The example below shows how one could generate a MAC using java.
1 package org.symmetric;
2
3 import java.util.Arrays;
4
5 import javax.crypto.KeyGenerator;
6 import javax.crypto.Mac;
7 import javax.crypto.SecretKey;
8
9 public class IntegritySecretKey {
10
11 public IntegritySecretKey() throws Exception {
12 KeyGenerator keyGen = KeyGenerator.getInstance(“HmacMD5″);
13 SecretKey key = keyGen.generateKey();
14 Alice alice = new Alice();
15 Bob bob = new Bob();
16 alice.setKey(key);
17 bob.setKey(key);
18 byte[] message = alice.getMessage();
19 byte[] mac = alice.getMAC();
20 bob.receiveMessage(message, mac);
21 // eve tampers the next message
22 message[0] = 0;
23 bob.receiveMessage(message, mac);
24 }
25
26 public class Alice {
27 private SecretKey key;
28
29 public void setKey(SecretKey key) {
30 this.key = key;
31 }
32
33 public byte[] getMessage() throws Exception {
34 return “Top Secret”.getBytes(“UTF-8″);
35 }
36
37 public byte[] getMAC() throws Exception {
38 byte[] message = getMessage();
39 Mac mac = Mac.getInstance(key.getAlgorithm());
40 mac.init(key);
41 return mac.doFinal(message);
42 }
43
44 }
45
46 public class Bob {
47 private SecretKey key;
48
49 public void setKey(SecretKey key) {
50 this.key = key;
51 }
52
53 public void receiveMessage(byte[] message, byte[] macReceived)
54 throws Exception {
55 Mac mac = Mac.getInstance(key.getAlgorithm());
56 mac.init(key);
57 byte[] macToCompare = mac.doFinal(message);
58 System.out.println(Arrays.equals(macToCompare, macReceived));
59 }
60 }
61
62 public static void main(String args[]) throws Exception {
63 IntegritySecretKey i = new IntegritySecretKey();
64 }
65 }
Authentication using Secret/Symmetric Key Cryptography
Using message authentication codes inherently solves the problems of authentication, as not only the integrity of the message is ensured, since Alice and Bob are the only two persons who are in possession of the secret key, if the MAC is verified it also authencitates that Alice really sent the message.
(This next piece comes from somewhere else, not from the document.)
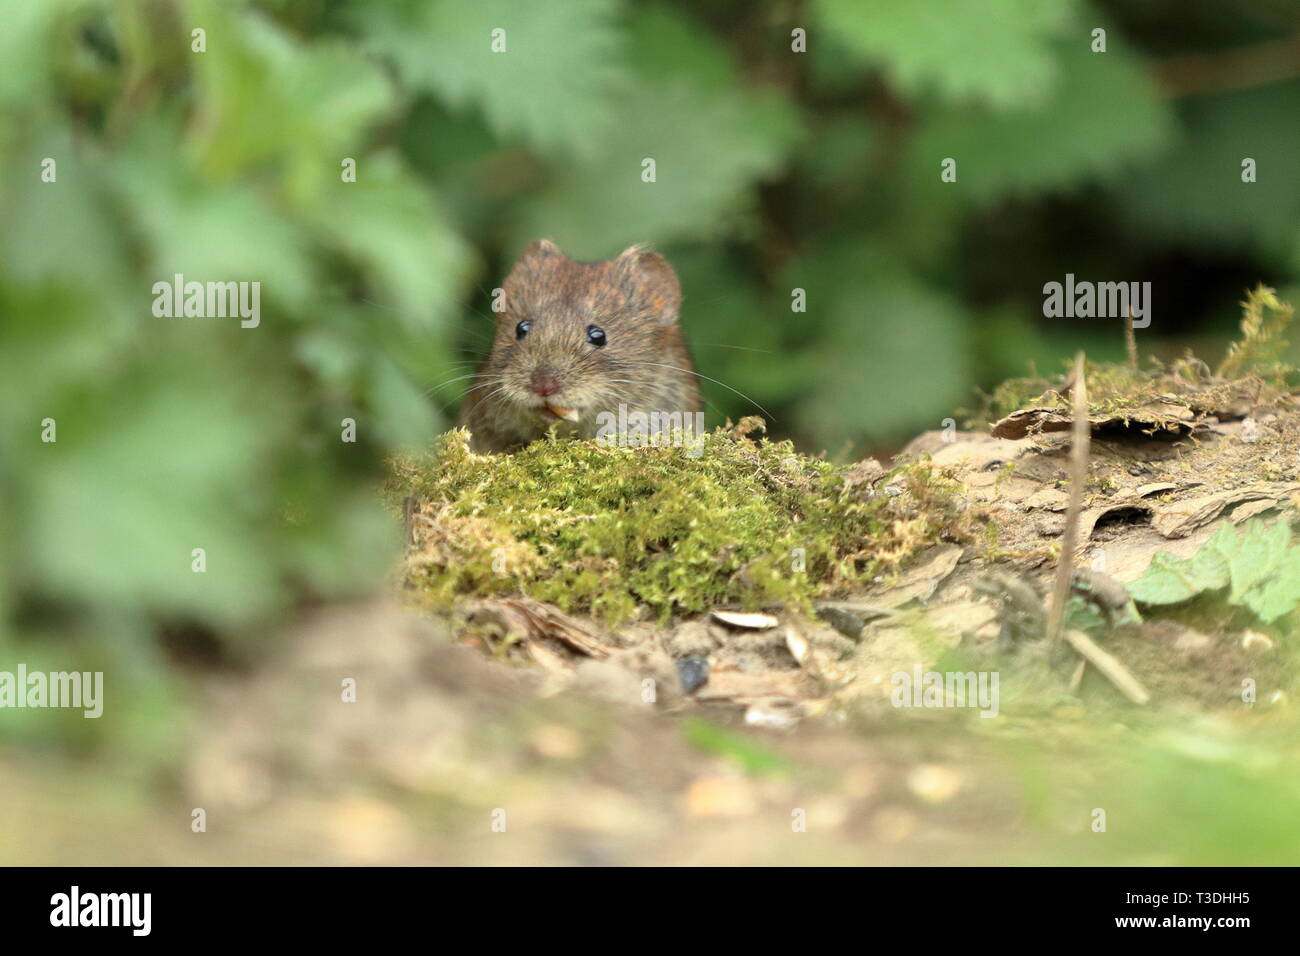 Bank vole (Myodes glareolus) with a seed in its mouth Stock Photo

Now Eve has a few tricks up her sleeve ! She could record the messages and replay them at a later time, or she should reorder the messages. This could be solved by embedding the timestamp in the messages. Eve could still cause trouble by deleting the messages totatally ! This problem cannot be solved by cryptography but with the handshake and protocol used for communication.